In a carry-trade driven world in which news and fundamentals no longer matter, the only relevant “variable” is whether the JPY is down (check) and the EUR is up (check) which always results in green equities around the globe and green futures in the US, with yesterday’s sudden and sharp selloff on no liquidity and no news long forgotten.

The conventional wisdom “reason” for the JPY underperformance against all major FX is once again due to central bank rhetoric, when overnight BOJ’s Kiuchi sees high uncertainty whether 2% CPI will be reached in 2 years, Shirai says bank should ease further if growth, CPI diverge from main scenario. Also the BOJ once again hinted at more QE, and since this has proven sufficient to keep the JPY selling momentum, for now, why not continue doing it until like in May it stops working. As a result EURJPY rose above the 4 year high resistance of 138.00, while USDJPY is bordering on 102.00. On the other hand, the EUR gained after German parties strike coalition accord, pushing the EURUSD over 1.36 and further making the ECB’s life, now that it has to talk the currency down not up, impossible. This is especially true following reports in the German press that the ECB is looking at introducing an LTRO in order to help promote bank lending. Since that rumor made zero dent on the EUR, expect the ongoing daily litany of ECB rumors that the bank is “technically ready” for negative rates and even QE, although as has been shown in recent months this now has a half-life measured in minutes as the market largely is ignoring whatever “tools” Draghi and company believe they have left.
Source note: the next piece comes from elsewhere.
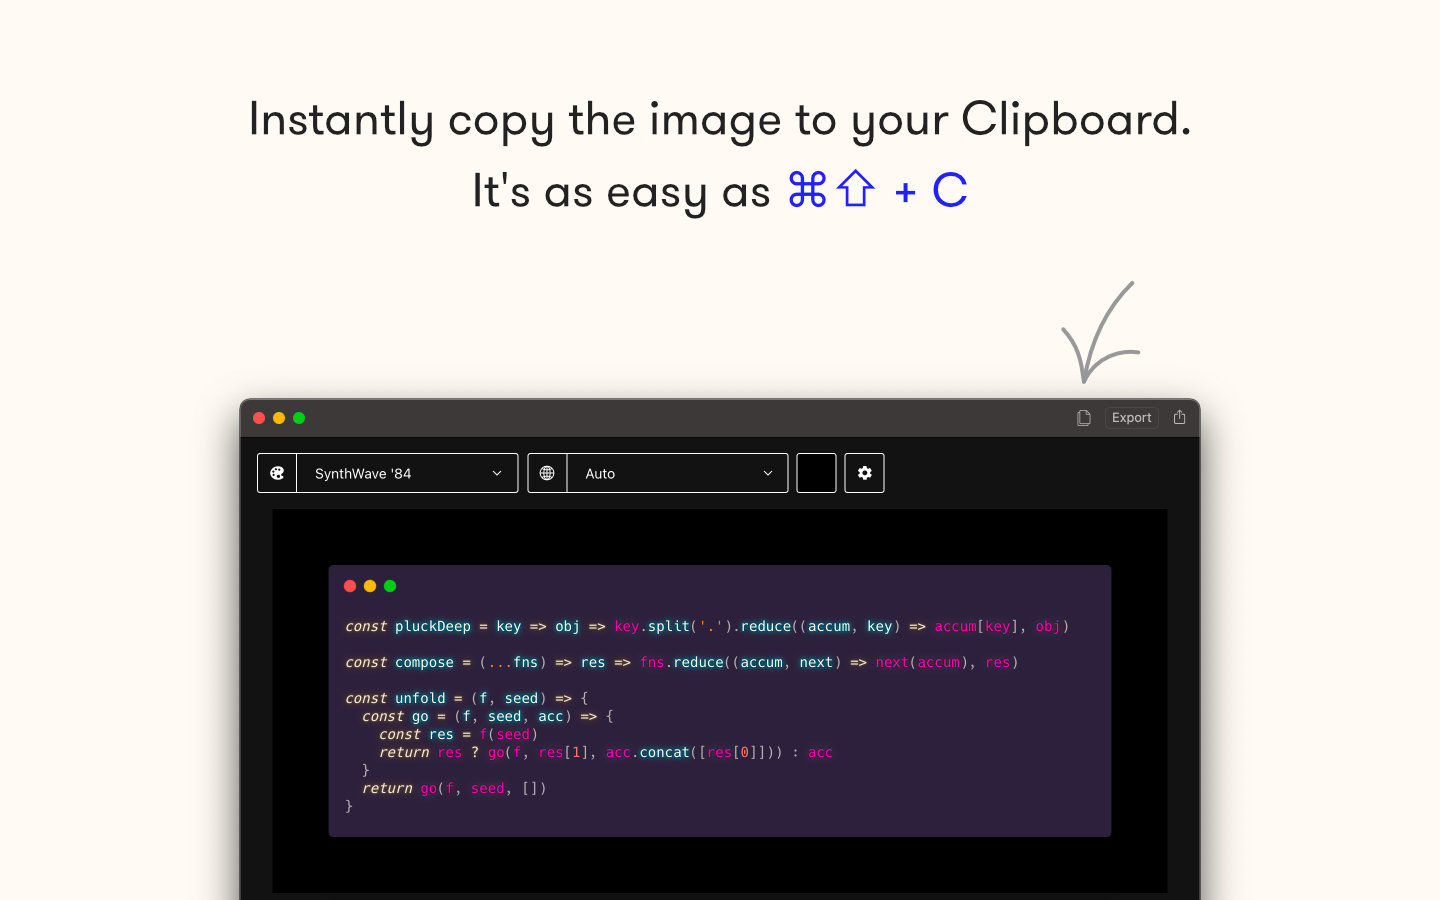 App Store image showing a screenshot of the main window with caption: Instantly copy the image to your Clipboard.

As for everything else that is “going on” in the market, DB’s Jim Reid summarizes it perfectly: “There have certainly been more interesting weeks than this one has been so far and yesterday proved to be another fairly dull affair for markets. The lack of any key market moving developments and the Thanksgiving-shortened week is certainly not helping.” Complacency all around.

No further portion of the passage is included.